Who can you trust? That’s the question on everyone’s lips in Michael Frayn’s political thriller Democracy. Based on true events during the Cold War, the play is about the relationship between East German Stasi spy Gunter Guillaume and West German Chancellor Willy Brandt and how the infiltration aids Brandt’s downfall after four years in elected office.

As the web of lies grows deeper, and the two become closer, Guillaume questions his loyalties between Brandt and his informant for spy ringleader Markus Wolf, Arno Kretschmann, who could be perceived as the Devil on Guillaume’s shoulder in a series of conversations behind frozen tableaus and soul-searching soliloquies.

Democracy has a rich British television drama cast including Liverpudlian Neil Caple (Brookside and The Bill) who is the protagonist Gunter Guiallaume, River City regulars including Sean Scanlan, Colin McCredie, and Stewart Porter and The Bill’s Michael Moreland as Arno.

The play was not penned or performed until 2003, approximately a decade after Brandt and Guillaume’s deaths in the early 1990s. It first opened at the National Theatre in London but my own insider information tells me that the Rapture Theatre group are the first company to perform the play north of the border during its 27 date tour of the Scottish mainland.

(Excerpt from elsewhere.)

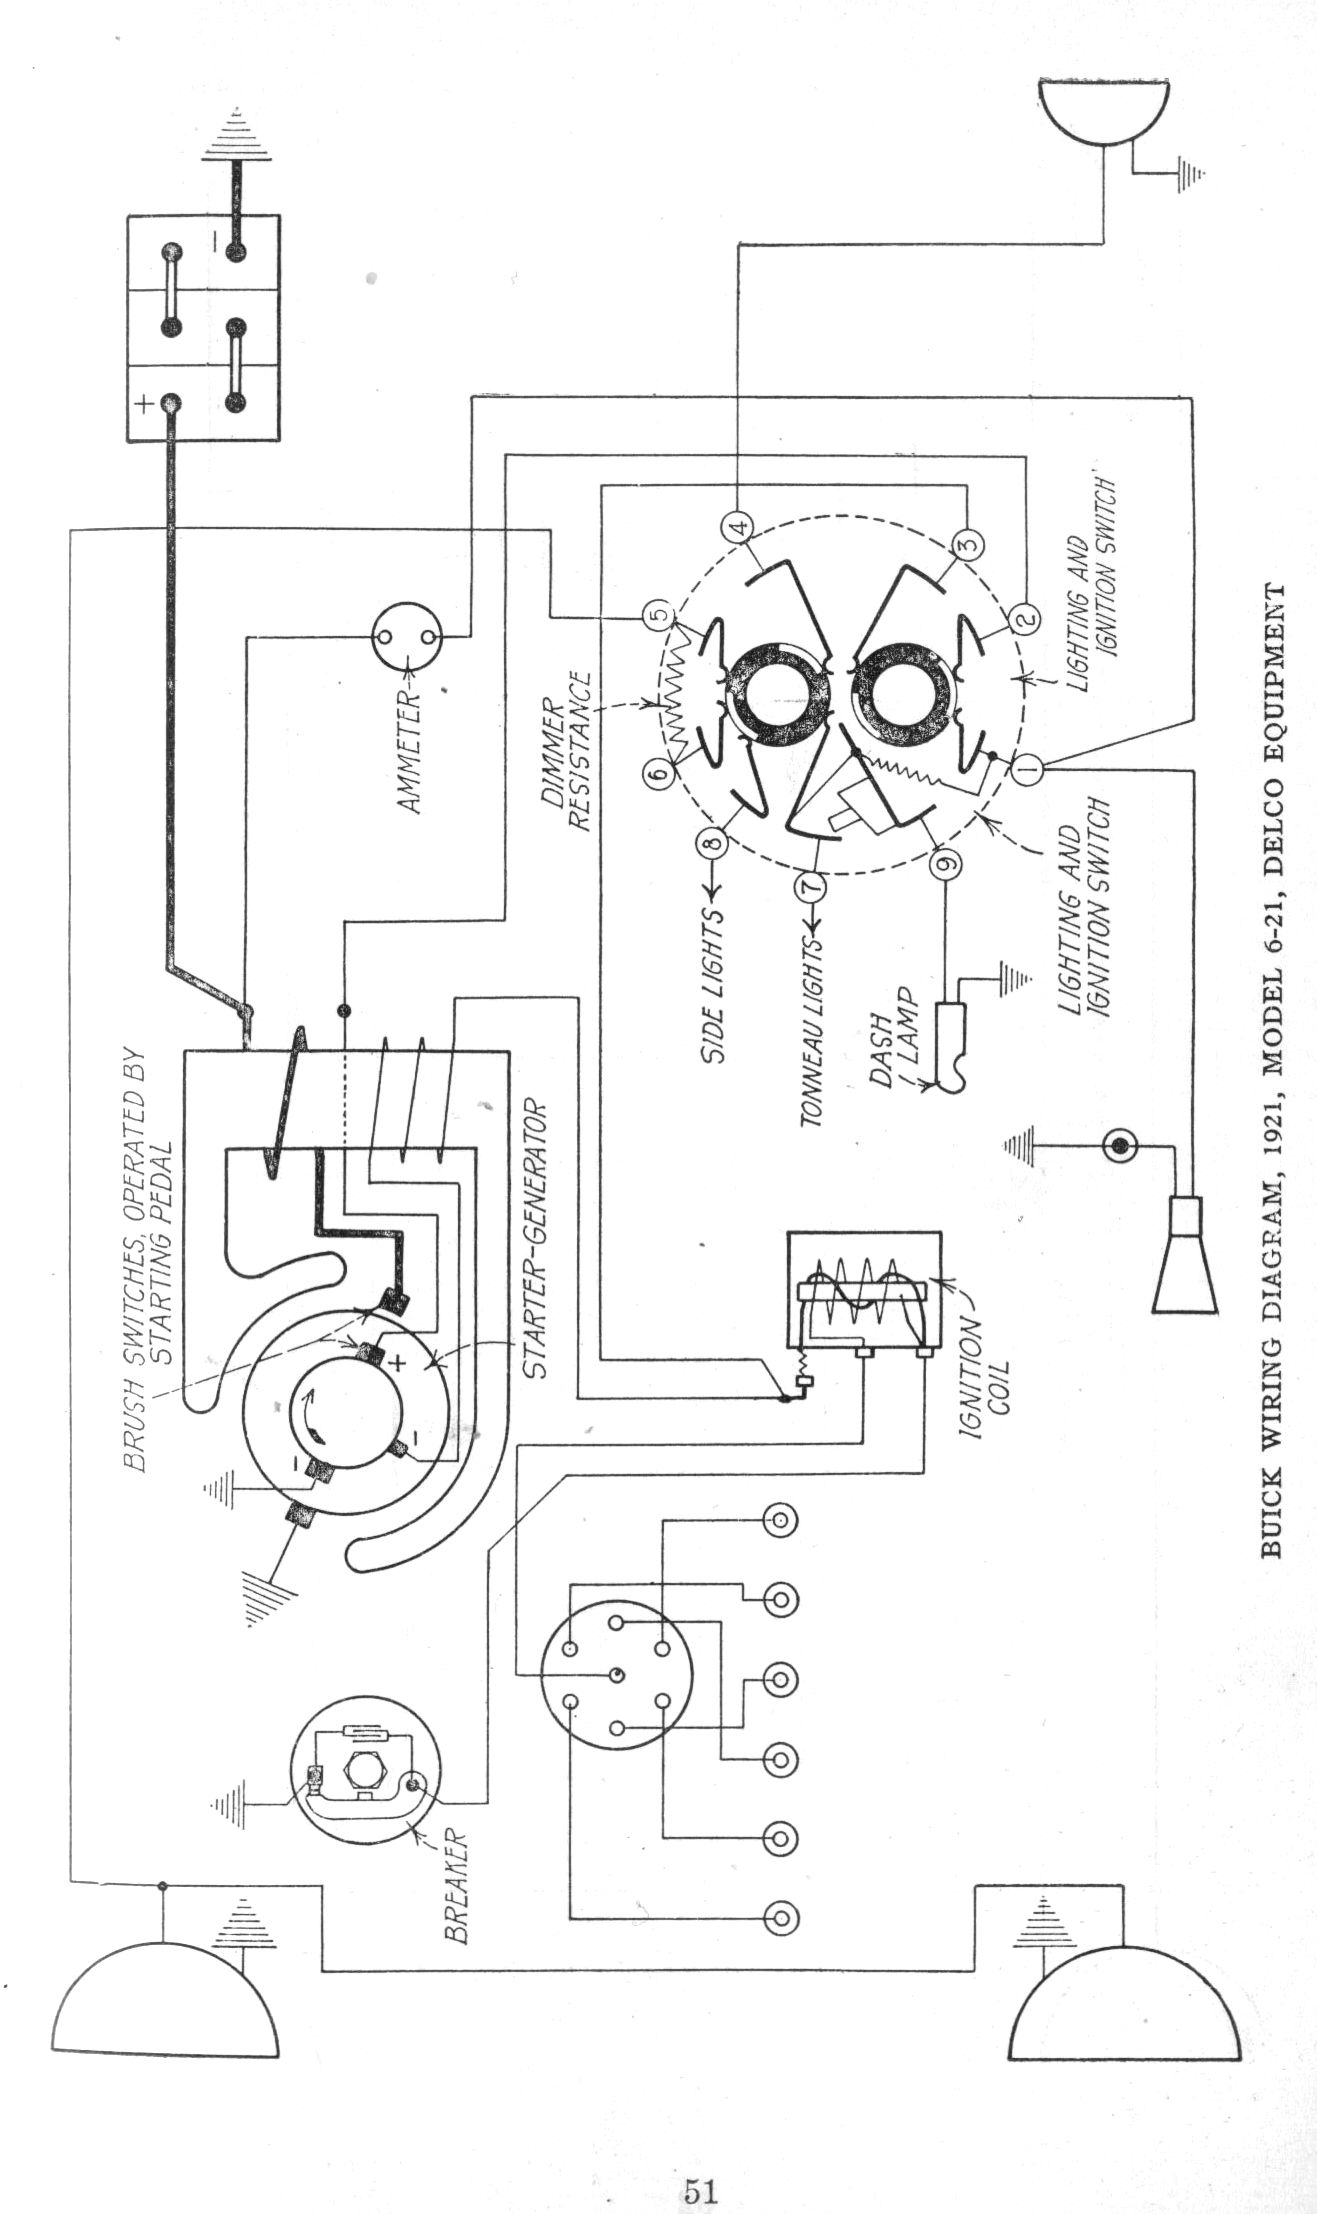 [DIAGRAM] Chevrolet Model K 1925 Car Wiring Electrical Diagram ...

The plot itself took a short while to pick up, and only when Guillaume was thrown into the thick of the action, torn between two sides and trying to talk his way out of Brandt’s adviser’s suspicions, was suspense roused – and by the second half I was hooked.

I have to also applaud the Rapture Theatre’s visual effects. The first time the 10 characters were introduced there is a private-eye style black and white picture which flashes above the screen which until looking closely, I had mistaken for real pictures of the character’s counterparts.

There were also some haunting real-life pictures of post-World War Two disused concentration camps that made my skin prickle with uncomfortable reverence.

When I first read the plot summary, my initial thoughts – which stuck with me throughout the performance – were the similarities between this play and Channel 4’s drama Deutschland ’83 which aired earlier this year.

Perhaps without seeing and enjoying Deutschland ‘83, as a taster to Cold War spy thrillers, Democracy would not have gauged my interest as much as it did. However, the difference between the mediums was that the betrayal in Democracy had the theatrical air of Shakespearean political drama.

And after nearly 27 years since the fall of the Berlin wall, is Democracy still relevant? Yes, argues director Michael Emans in the programme notes, especially as we are experiencing political unease in light of Brexit.

I would recommend Democracy to anyone interested in history, politics past or present, or just up for a good spy thriller.